◆ **WHAT YOU NEED TO DO**
Your answer must be the full listing below, repeated exactly, with no pictures in it.

◆ **DATA EXCERPT**
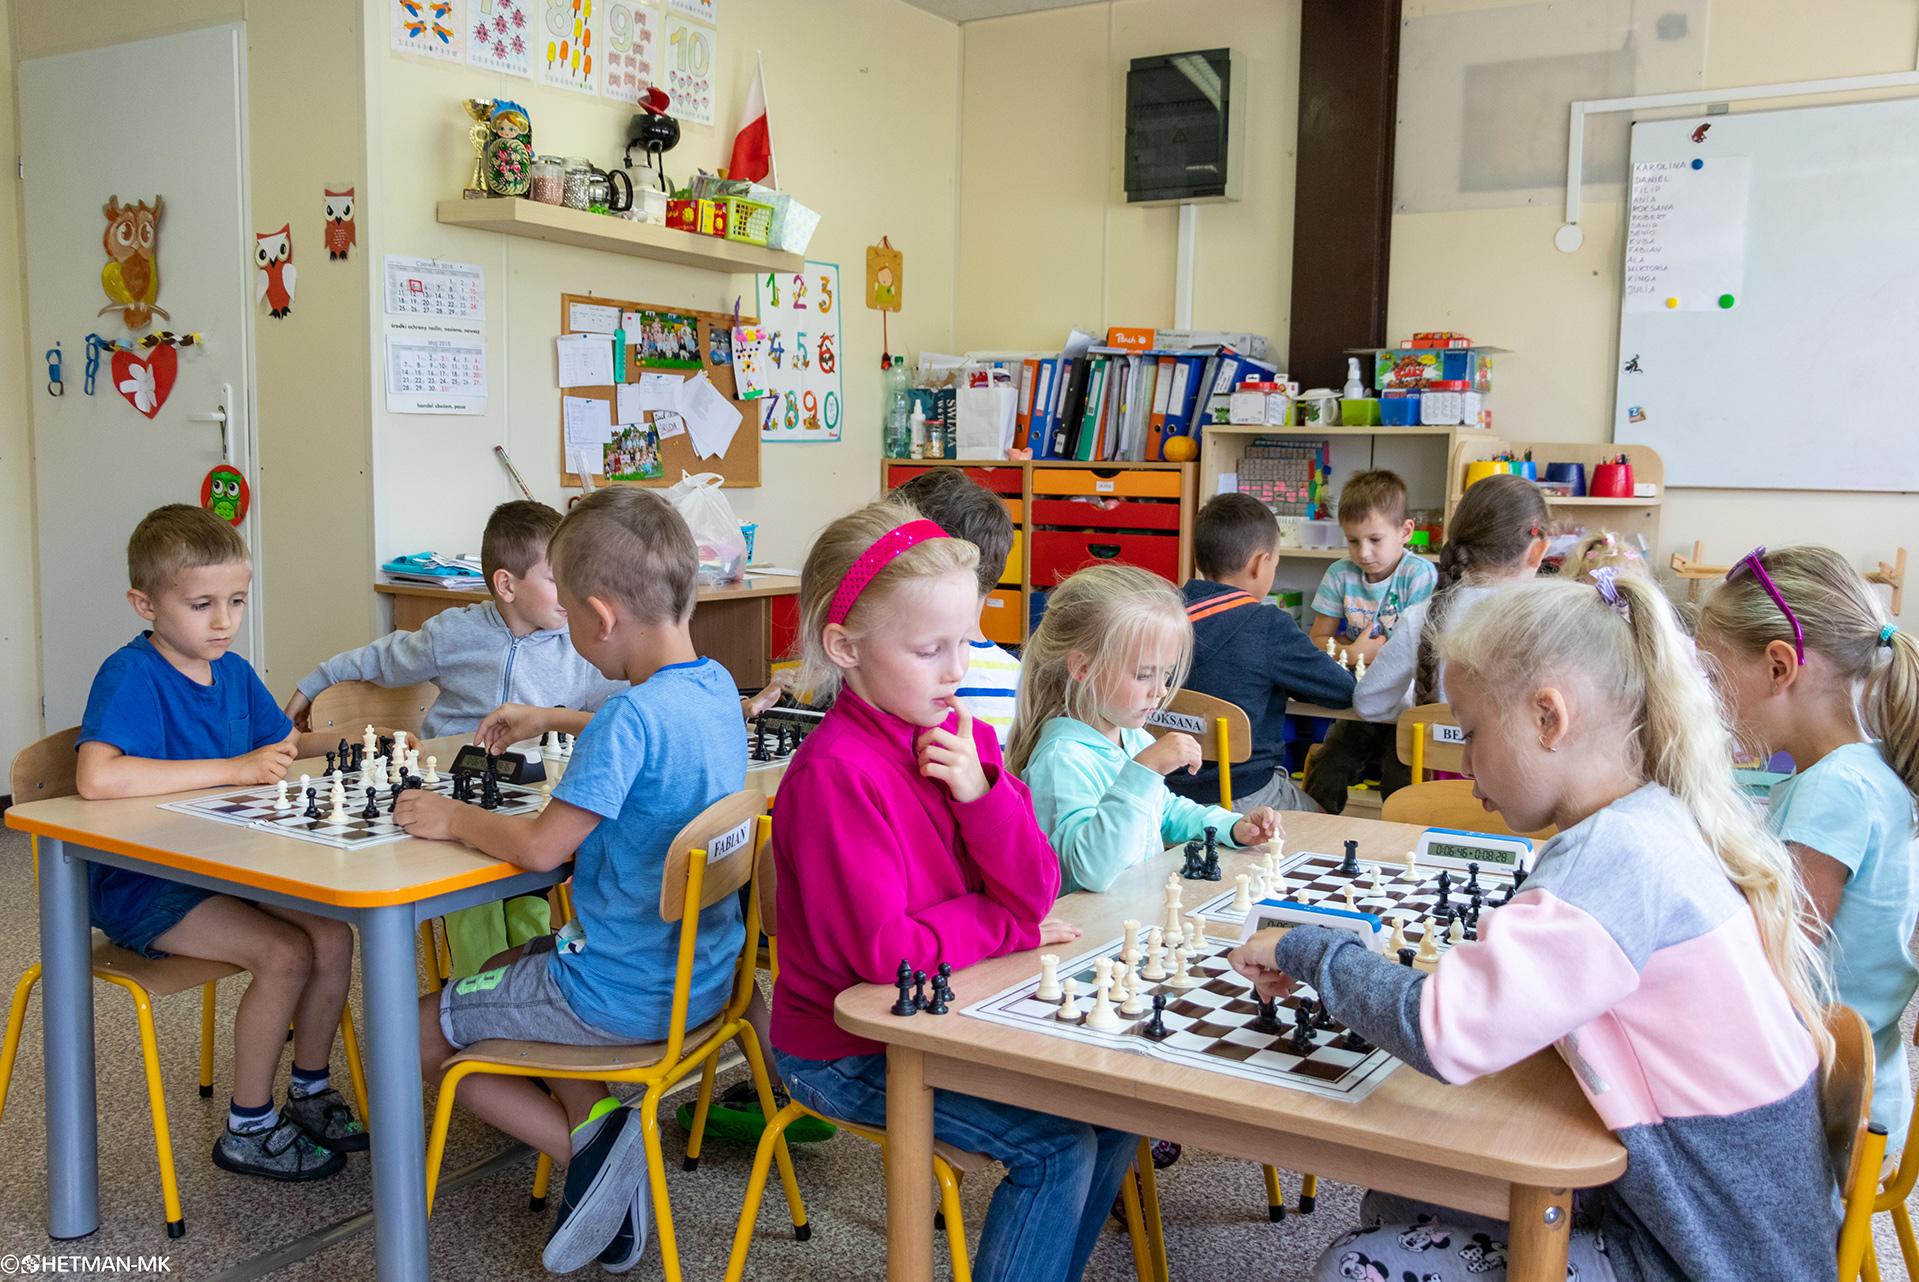 VI Szachowe Mistrzostwa Przedszkola Frajda, Świdnica, 06.06.2018
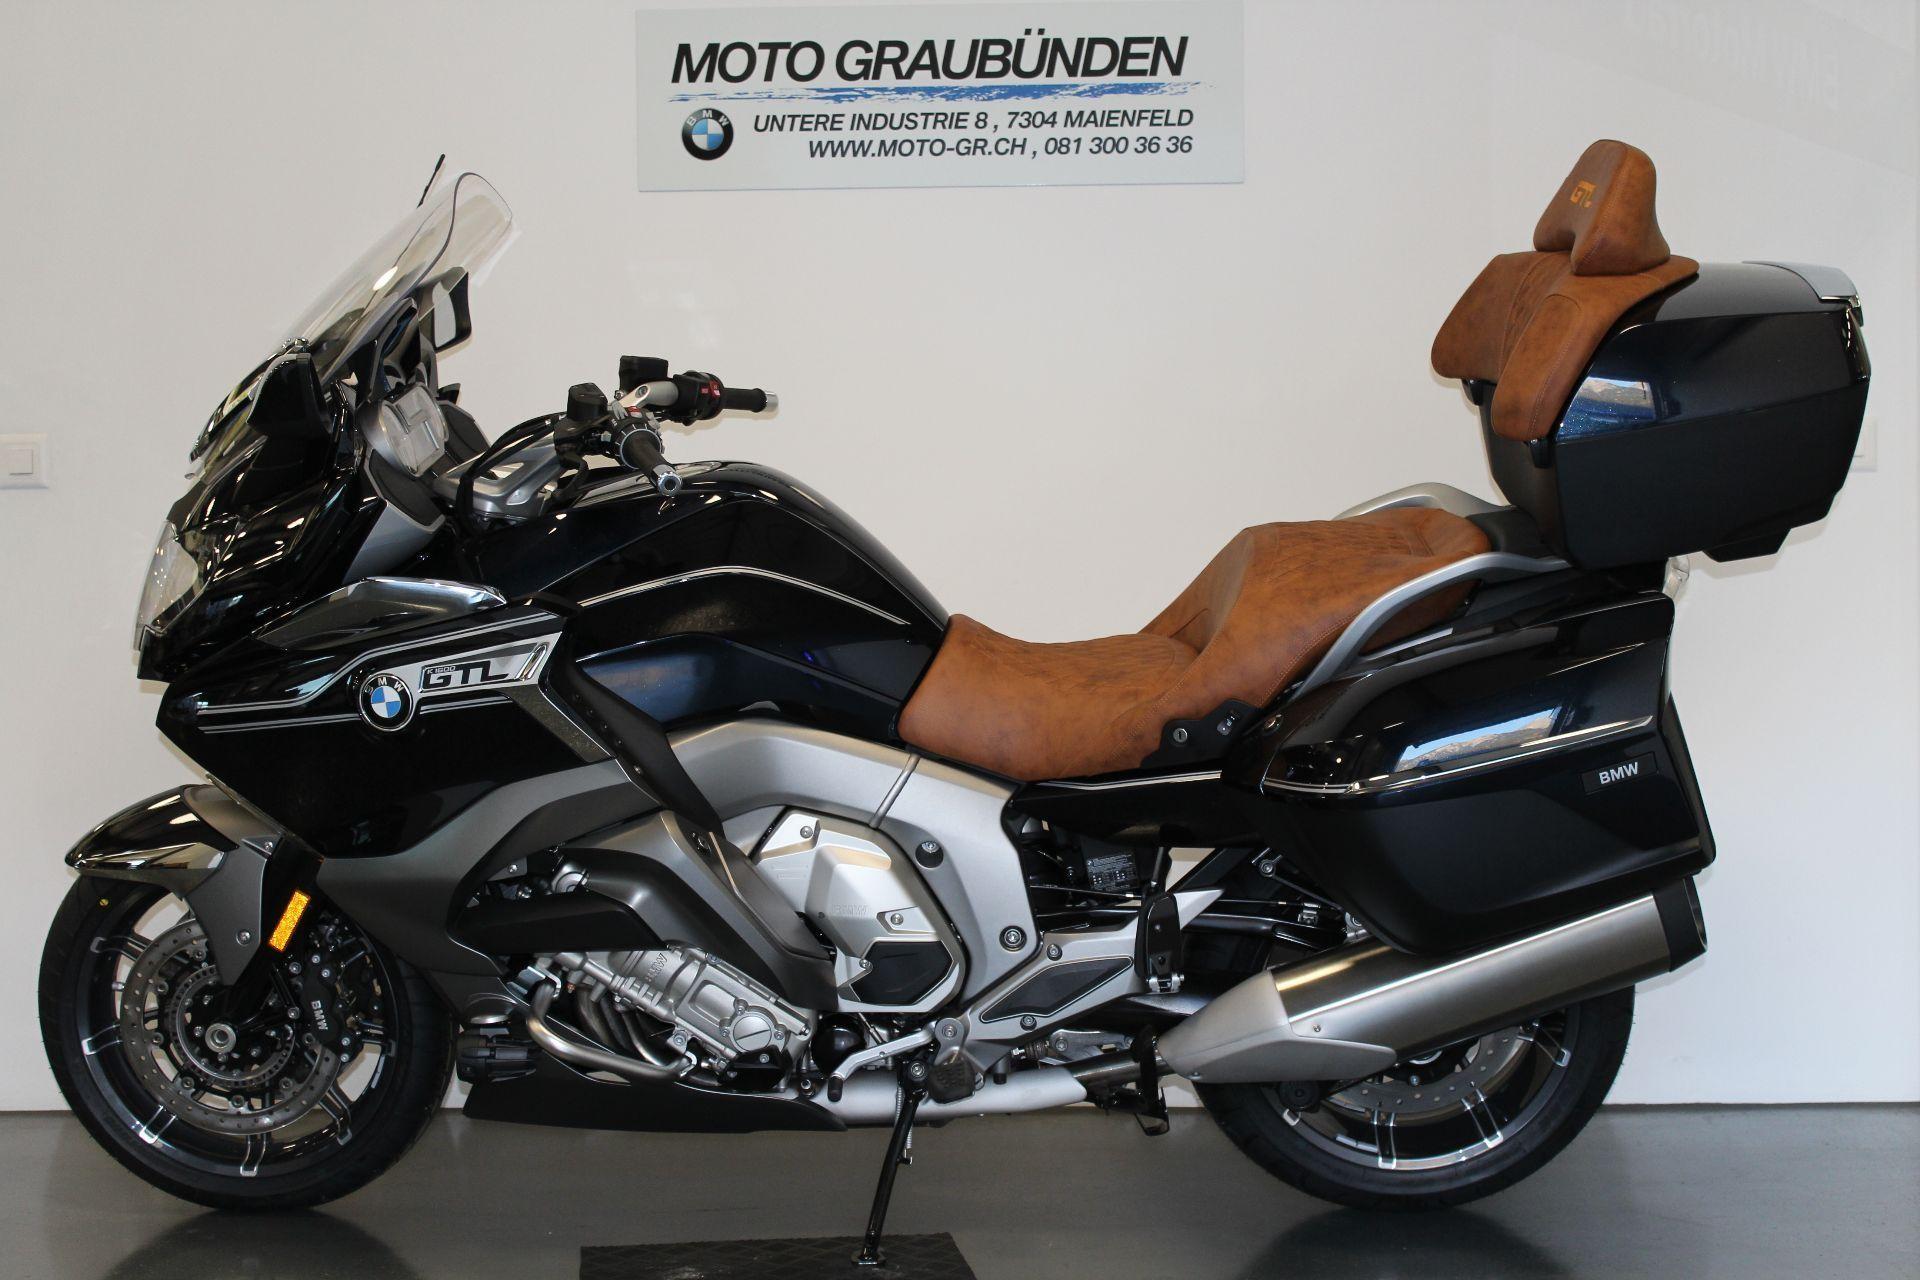 motorrad neufahrzeug kaufen bmw k 1600 gtl abs moto graubünden
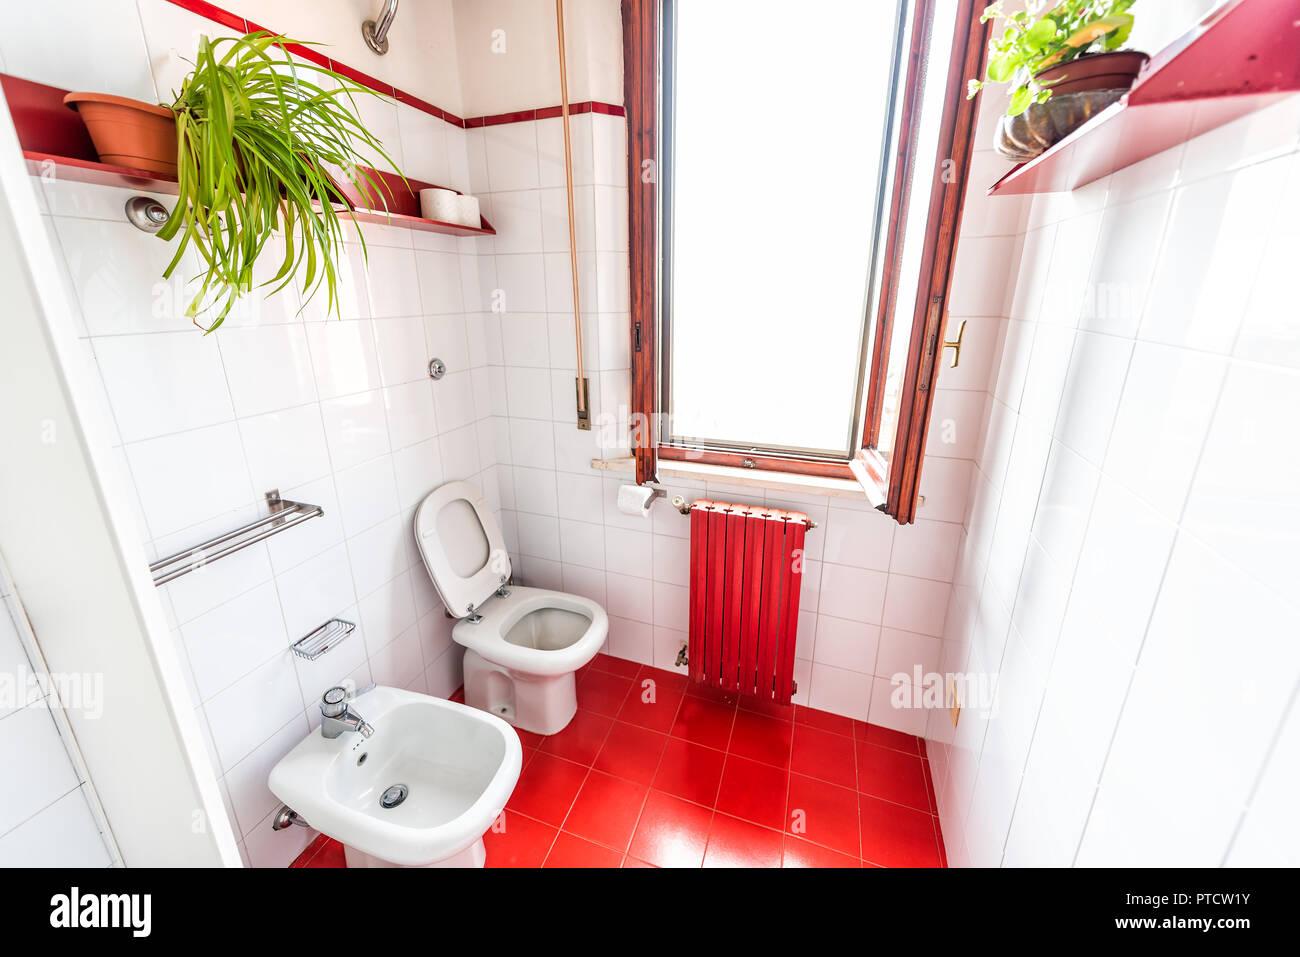 Salle De Bain Rouge Blanc salle de bains avec toilettes propres blanc vibrante couleur

◆ **REPLY**
 VI Szachowe Mistrzostwa Przedszkola Frajda, Świdnica, 06.06.2018
 motorrad neufahrzeug kaufen bmw k 1600 gtl abs moto graubünden
 Salle De Bain Rouge Blanc salle de bains avec toilettes propres blanc vibrante couleur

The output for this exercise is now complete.